On December 23, 2025, Hyperliquid Labs addressed recent allegations of insider trading related to its HYPE token. The claims originated from a former employee, and the project emphasized that all team members and contractors are strictly prohibited from engaging in leveraged trading of HYPE tokens. This policy aims to ensure that the team remains aligned with the long-term vision and health of the Hyperliquid ecosystem. This strategic move not only fosters community trust but also positions the project for sustainable growth in a volatile market landscape.

Understanding the Token Burn Mechanism

One measure that Hyperliquid Labs has introduced is token burning, a strategy often employed to enhance a cryptocurrency’s value by reducing its circulating supply. Despite existing Market pressures and regular monthly token unlocks set to continue until late 2027, the project has automated buybacks funded through generated fees. So far, it has successfully repurchased and burned 27.4 million HYPE tokens, amounting to 11% of the circulating supply, valued at approximately $942 million.
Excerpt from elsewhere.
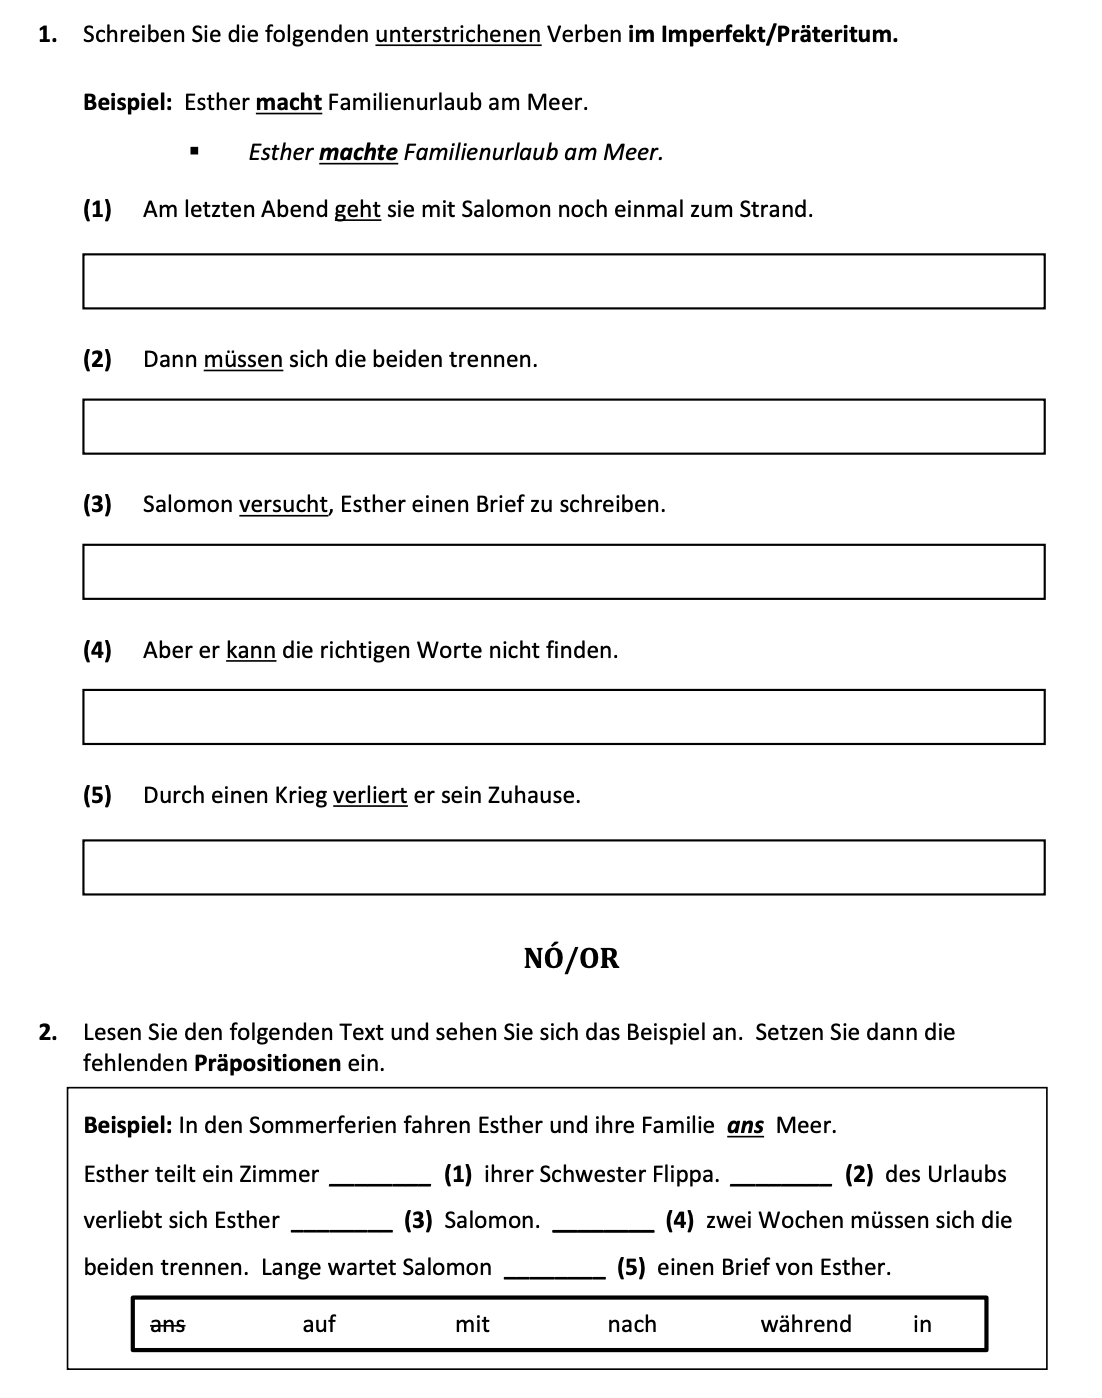 an image of the question 2022 Text I Angewandte Grammatik which is about the topic grammatik and the subject is Leaving Certificate german

The historical precedent for this strategy illustrates its potential, as token burns are typically met with positive market sentiment, creating a deflationary environment which is crucial for long-term price stabilization.

The Effects of Market Sentiment and Speculation

However, despite these proactive measures, speculative interest in HYPE has experienced a significant downturn of 50%, dropping from over $2 billion to around $1 billion by the end of 2025. This decline in speculative investments reflects the broader bearish sentiment prevailing in Q4 2025, particularly evident in the Futures market. The current subdued demand may limit potential recovery in the short term; nevertheless, the modest bounce of 4% following the approval of the token burn proposal indicates that there is room for optimism amongst investors.
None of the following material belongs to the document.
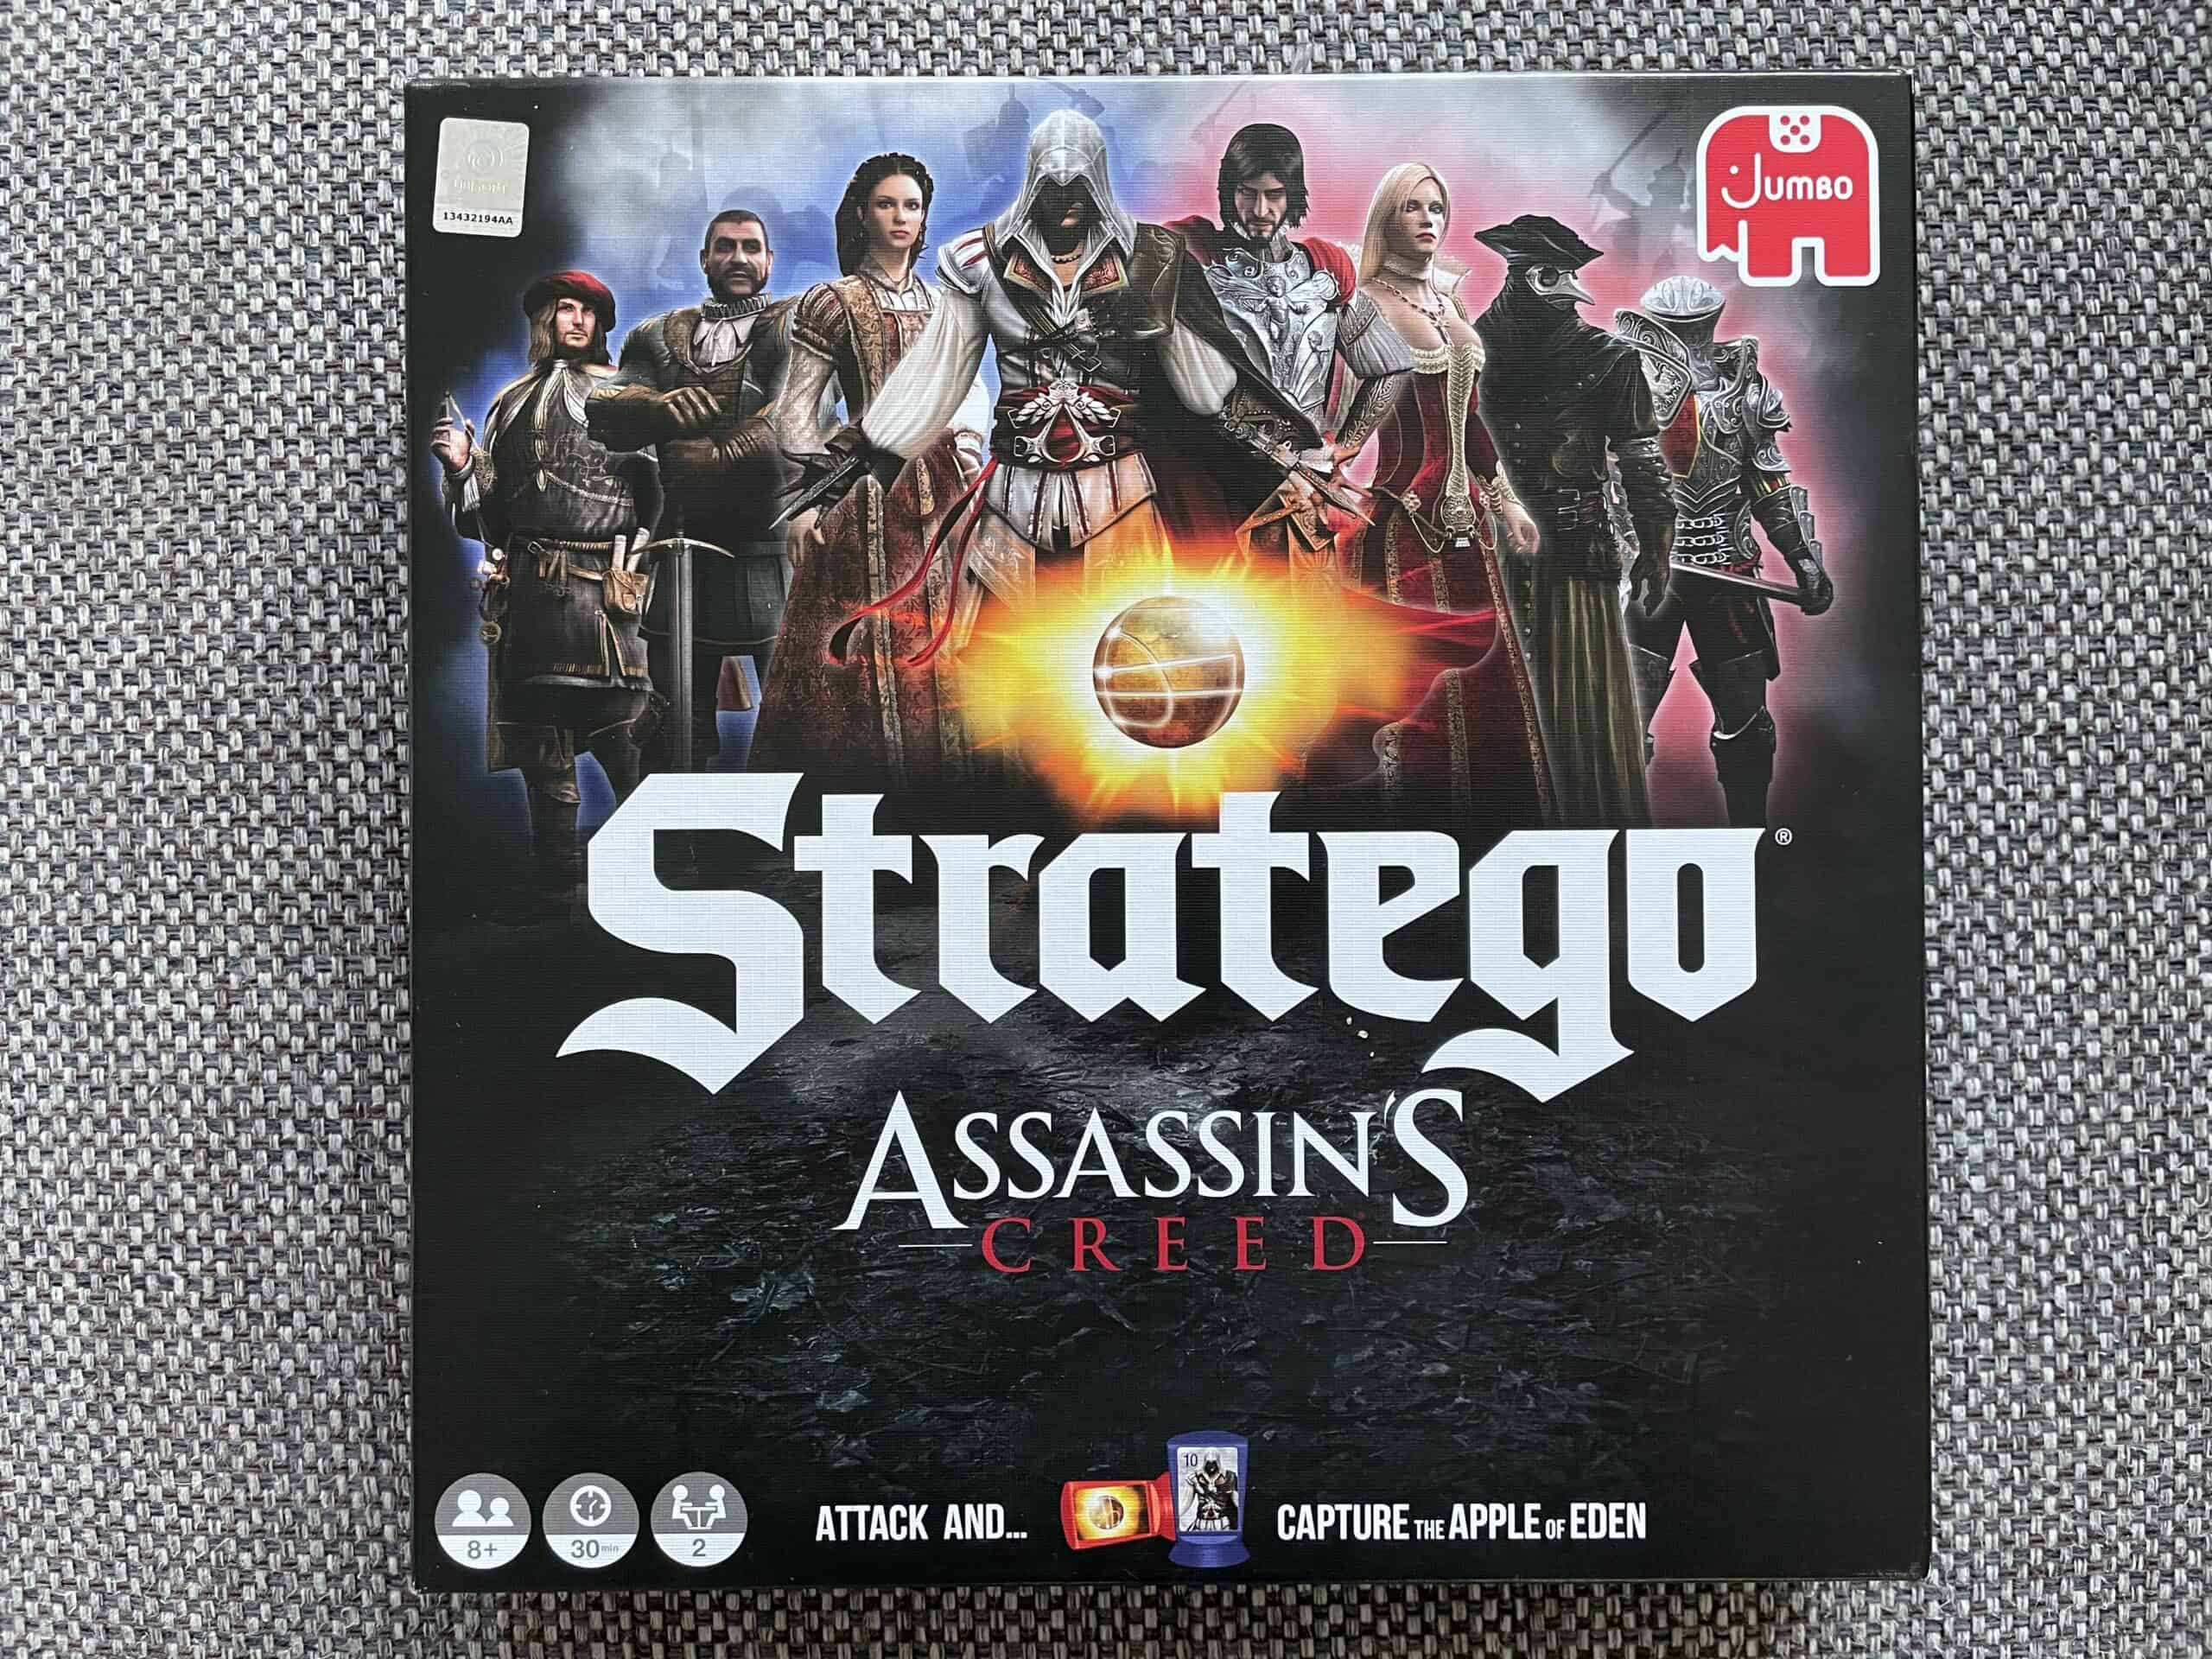 Stratego meets Assassin’s Creed feature

Analyzing Price Action and Support Levels

As of the latest updates, HYPE has shown signs of slight recovery, with prices teasing the $25 mark. However, key analysts suggest that a more substantial bullish reversal will only materialize if the token decisively reclaims support at $28. Historical price actions provide a useful perspective; during previous downturns, such as in Q1 2025 when HYPE hit the average buyback price around $13, strong upward momentum followed. Current market conditions are similarly approaching this critical average price, giving investors hope for a rebound.

The Larger Market Landscape

Overall, the potential for a bullish recovery for HYPE is intertwined with a broader market sentiment reset. Factors such as Bitcoin’s recent vulnerabilities could influence HYPE’s upside momentum, especially as the market braces for future token unlock events. Hyperliquid Labs must navigate these complex dynamics, balancing community expectations with the realities of market mechanics to maintain investor confidence during challenging times.
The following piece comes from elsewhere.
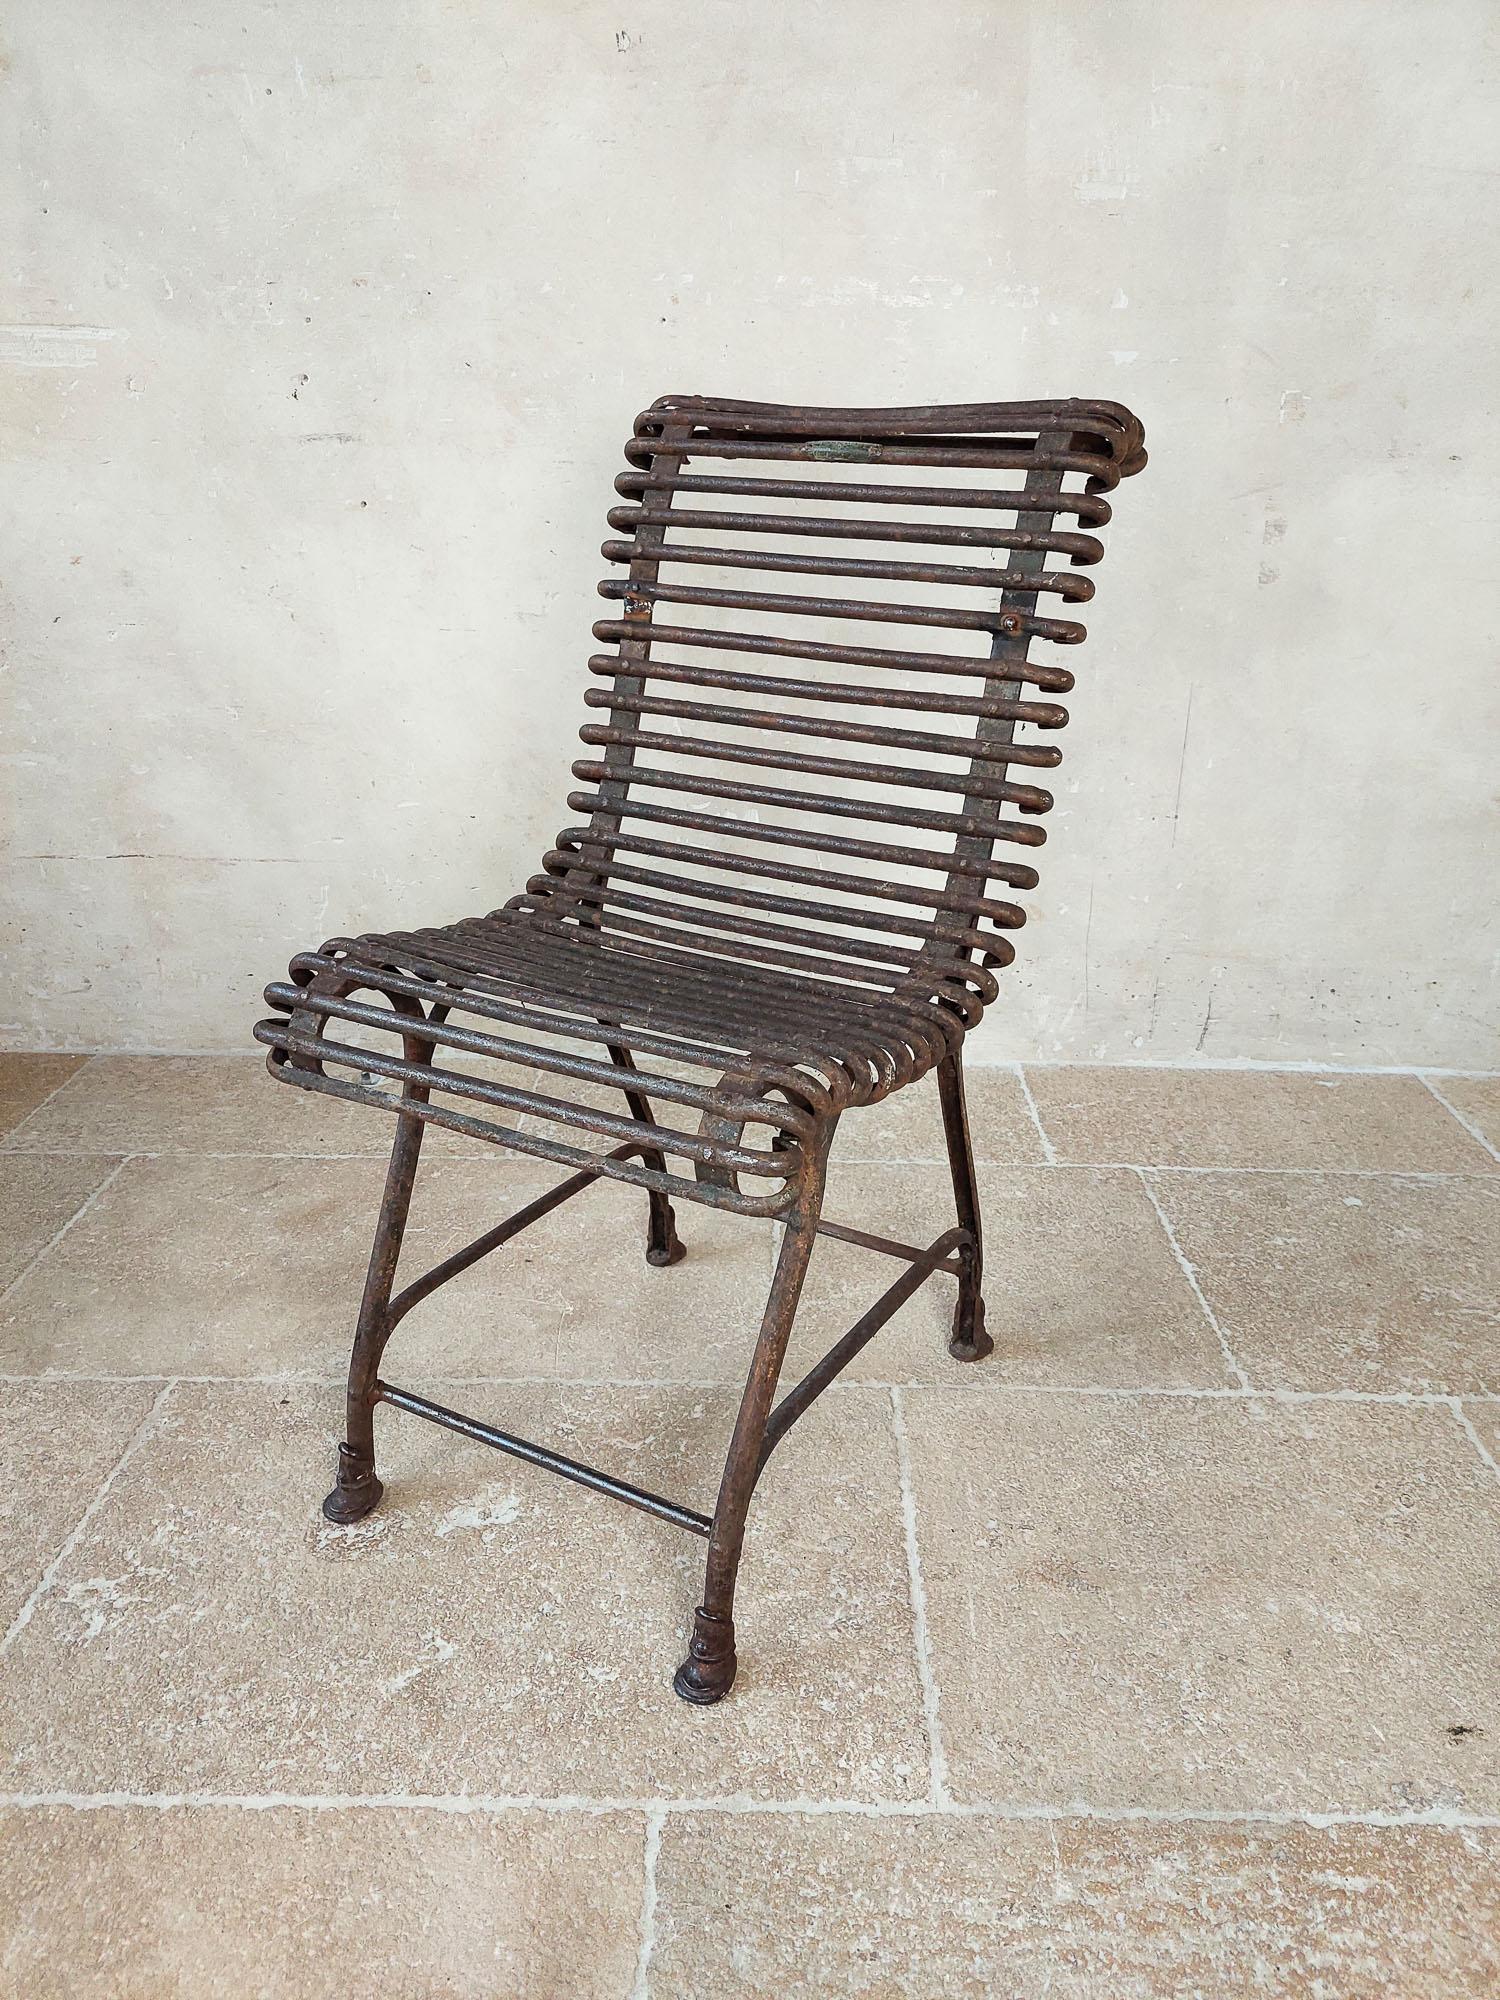 Saint Sauveur Garden Chair from Arras, 1910s. Marked. This garden chair made of wrought iron with cast iron feet. This chair has the characteristic horse hoof feet. Made in the factory in SAINT-SAUVEUR, located in Arras (France). These specialized

Conclusion: Moving Forward with Caution and Optimism

In summary, Hyperliquid Labs’ clarification regarding the insider sell-off allegations and their strict policies against trading show a commitment to integrity and longevity in the cryptocurrency ecosystem. The approved token burns represent a significant step towards deflation and sustainability while addressing market concerns. As speculative interest fluctuates and market conditions evolve, the potential for HYPE’s recovery remains within reach, contingent upon broader market improvements and strategic execution by Hyperliquid Labs. As always, investors are advised to remain vigilant and informed as they navigate these tumultuous waters.